START Working data

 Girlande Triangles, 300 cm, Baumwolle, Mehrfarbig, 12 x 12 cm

END Working data
START Working data

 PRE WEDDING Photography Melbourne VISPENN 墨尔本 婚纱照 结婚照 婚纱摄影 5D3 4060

END Working data
START Working data

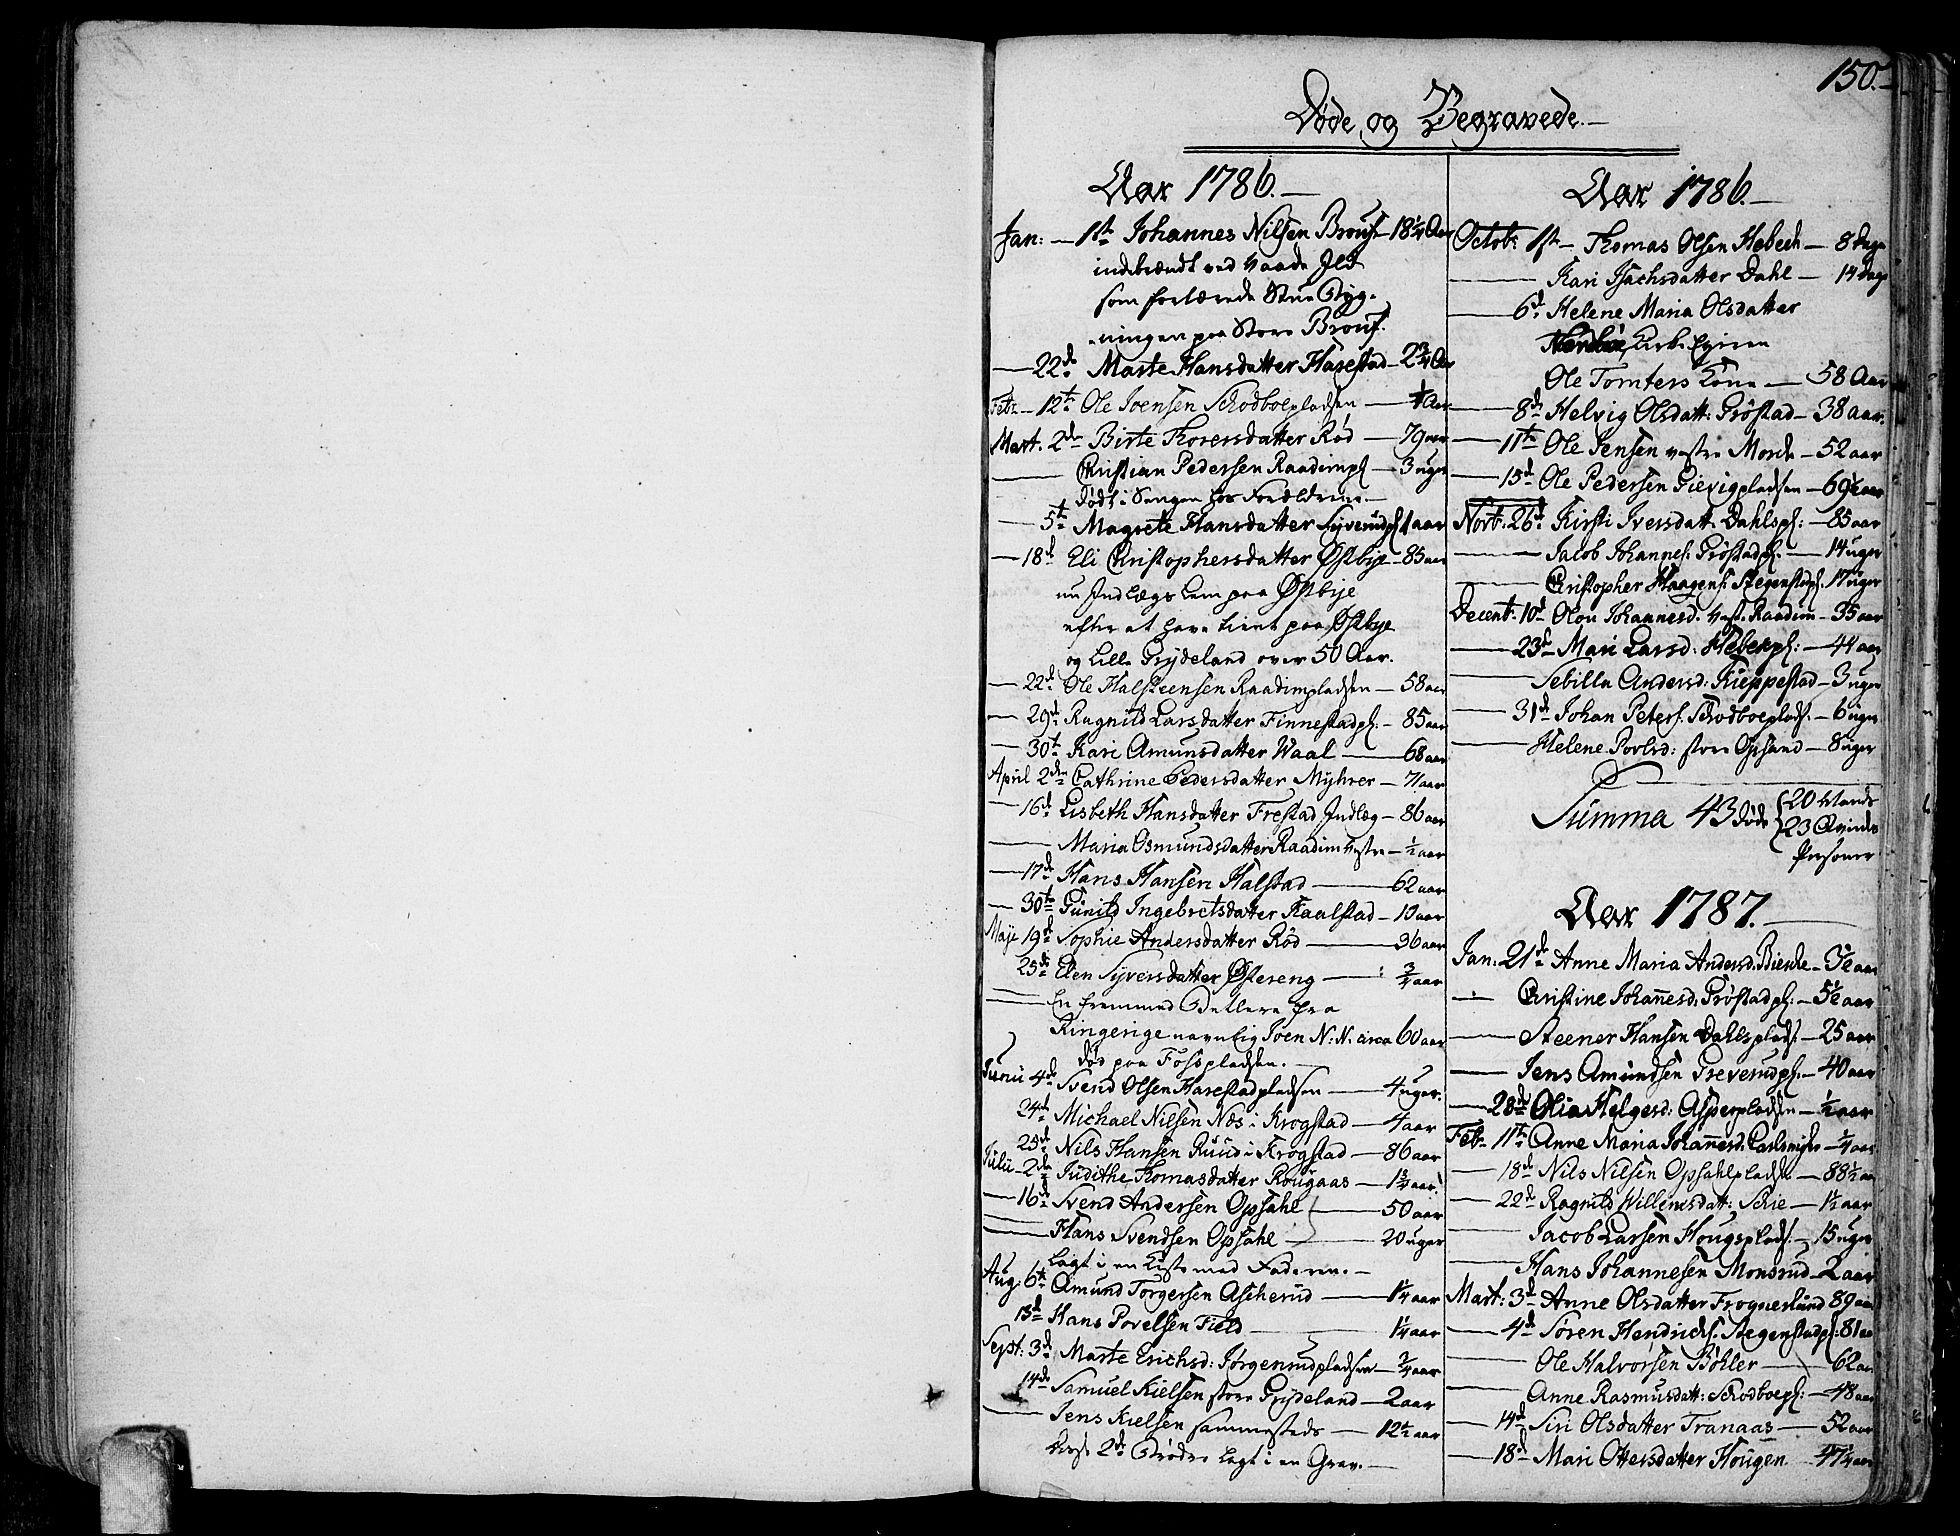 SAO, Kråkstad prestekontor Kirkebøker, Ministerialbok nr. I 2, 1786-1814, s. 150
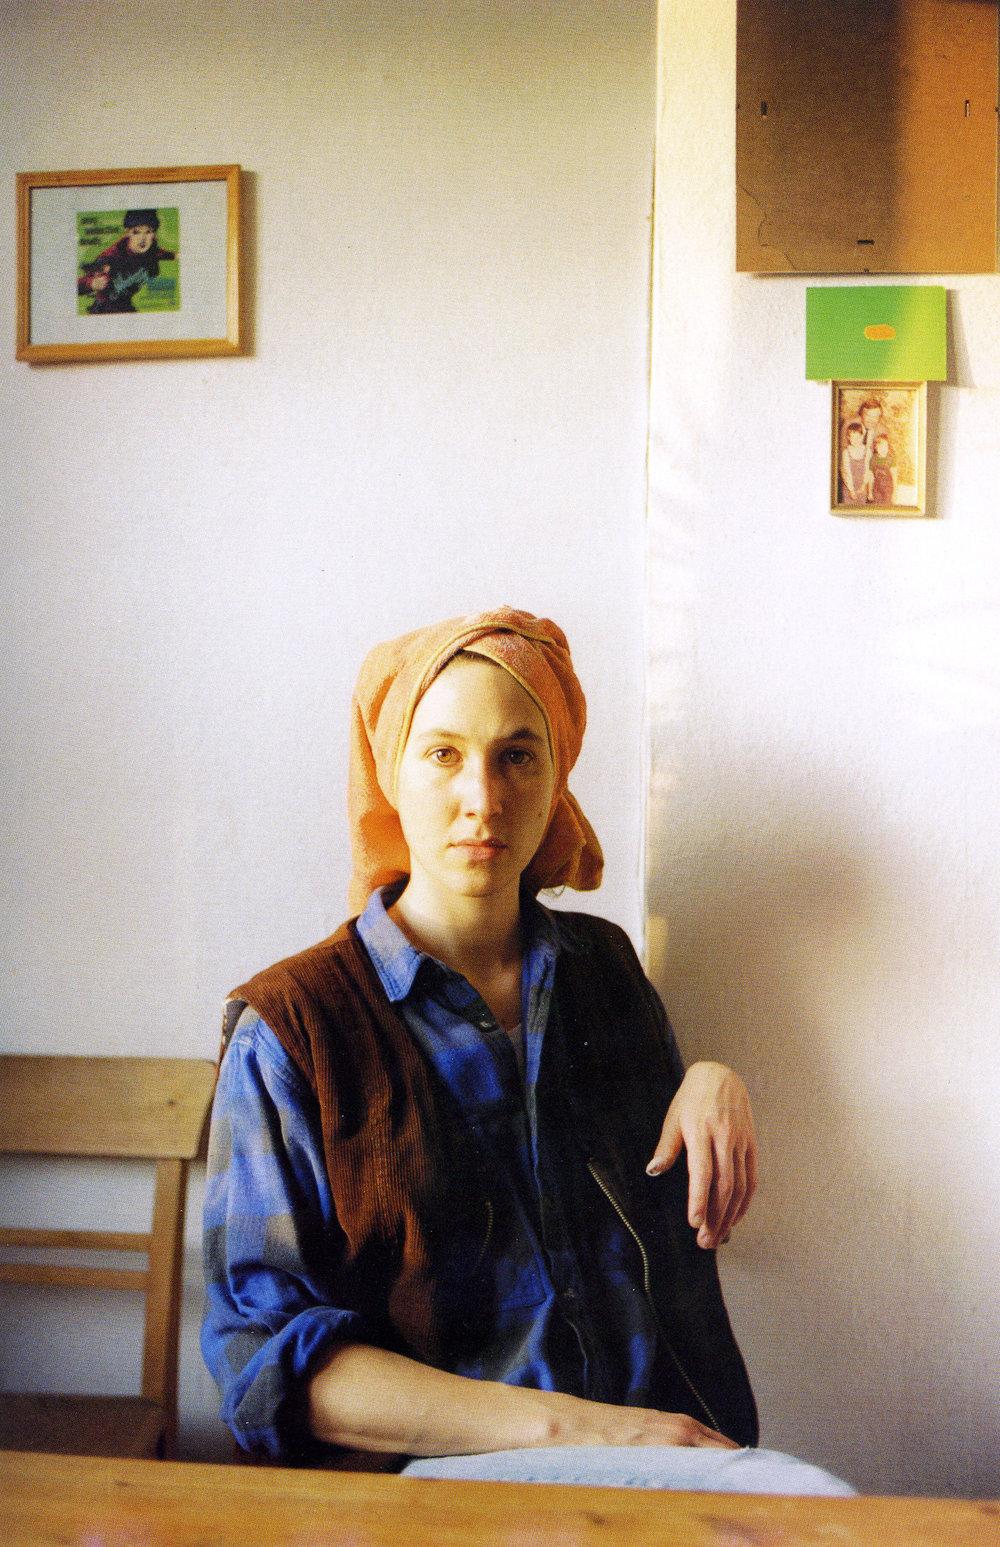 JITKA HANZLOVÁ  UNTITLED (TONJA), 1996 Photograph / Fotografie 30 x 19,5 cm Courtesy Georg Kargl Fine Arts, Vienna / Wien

END Working data

- How to complete this task
Using the listing above, repeat word for word each line from the one with "SAO, Kråkstad prestekontor" down to the one with "Vienna / Wien", both included. Omit all pictures.

- Output for this exercise
 SAO, Kråkstad prestekontor Kirkebøker, Ministerialbok nr. I 2, 1786-1814, s. 150
 JITKA HANZLOVÁ  UNTITLED (TONJA), 1996 Photograph / Fotografie 30 x 19,5 cm Courtesy Georg Kargl Fine Arts, Vienna / Wien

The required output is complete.